For the irony-impaired, I must now pause and emphasize that no, no, God forbid no, Lake Harriet did not choose to dump its poor kids to improve its test scores. It started losing these students about eight years ago, as the district switched to a neighborhood schools and budget cuts slashed our last remaining busing for integration.
And then it was like presto-chango! Our students went from being 45 percent poor minorities, including a 30 percent Hmong population with limited English skills to now being 82 percent white Only two percent of our present students have limited English skills and only 11 percent need free and reduced lunch.
Sure, Lake Harriet has a terrific principal, experienced teachers and active parents who are highly invested in their kids’ education. And yes, plenty of schools in the affluent suburbs have similar demographics and somewhat lower test scores.

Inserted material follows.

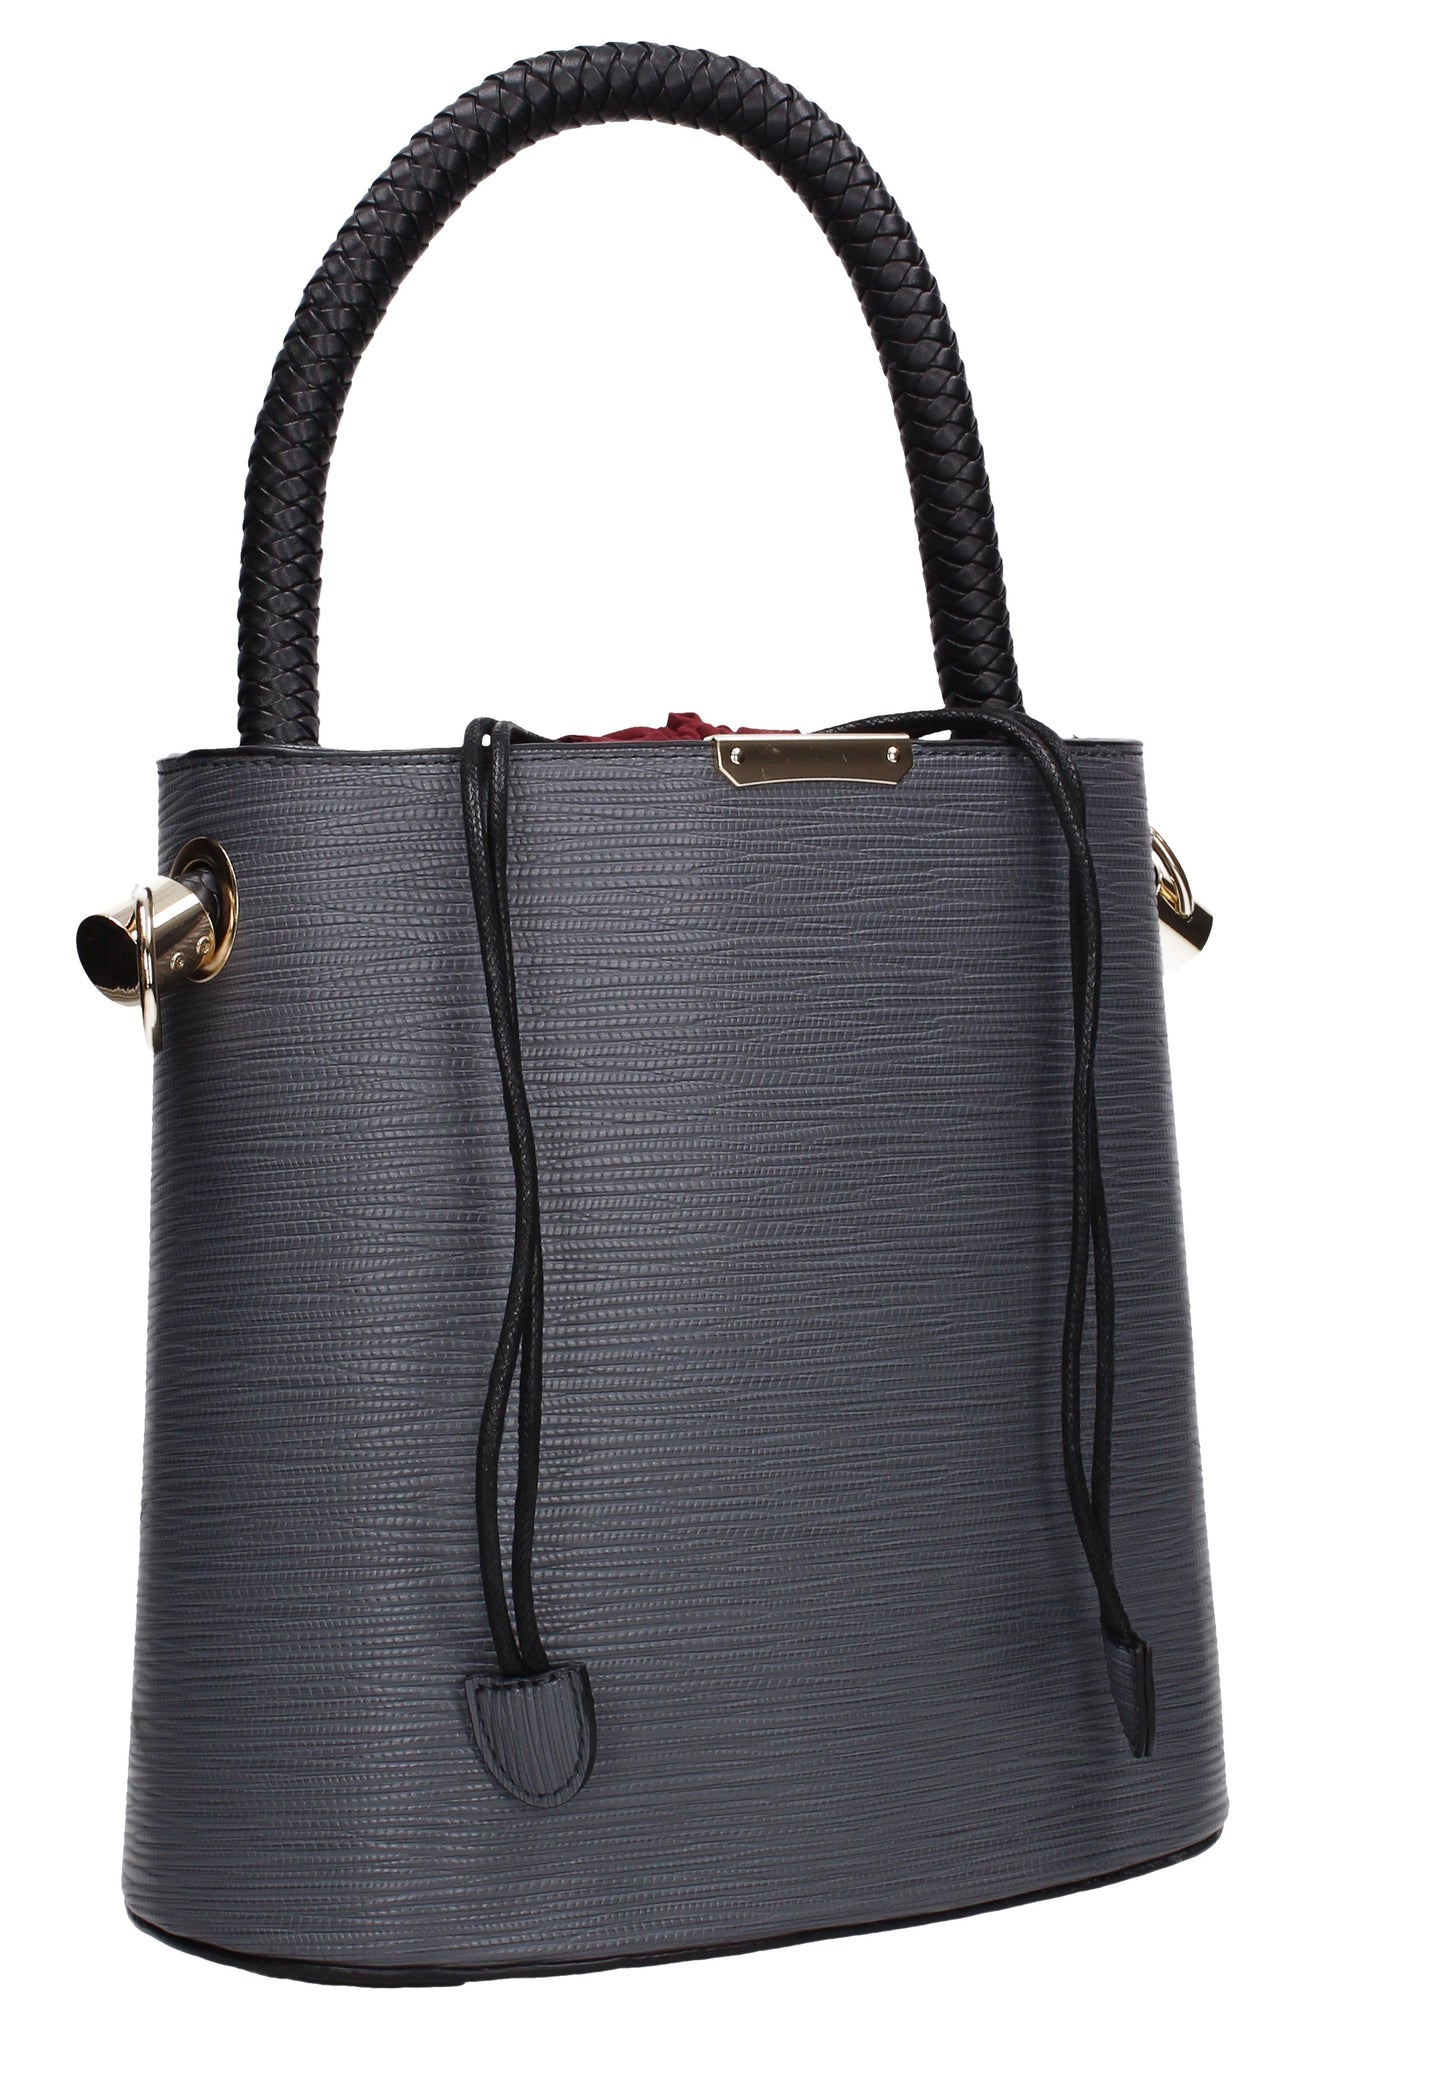 Buy your Eden Handbag Grey Today! Buy with confidence from Swankyswans

But let’s get real. Lake Harriet has top scores in large part because of its enviable demographics. The big annual chart in the Star-Tribune which shows every school’s test scores is not tracking academic achievement so much as social class. If the state decided to track parental income and educational levels by zip codes and put that chart in the paper, the results would look remarkably similar to school test scores.
Almost everyone knows this, at least anyone willing to be intellectually honest. So why do we keep putting up with this farce of school rankings and star ratings? Why do we let political leaders use these tests and the draconian requirements of No Child Left Behind to talk about public schools “failing,” mostly because of the so-called achievement gaps between white and minority students.
Because schools aren’t the only ones with this problem. If corporations were required to track and report their employees’ salaries and promotions by ethnicity, the achievement gap would take your breath away. Ditto for banks when it comes to their mortgage rates or clients’ account balances. We could also rank medical or dental practices based on their patient health statistics.
But we don’t see those kind of charts in the newspapers. We don’t hold CEOs, bankers or doctors “accountable” for their achievement gaps because…..well, you can only imagine the uproar it would cause. The fury and wailing. I mean, how could we expect these highly-paid executive types to overcome the huge, age-old burden of class and race? Talk about impossible! Talk about absurd.
So instead we put this huge burden solely on public schools….and I’m sure it’s just a coincidence that schools are mostly run by modestly-paid, less-than-powerful women. We track their records. We put their scores in the newspaper. And the rest of us are off the hook.
Talk about absurd. Talk about convenient.
Lynnell Mickelsen is a Minneapolis writer.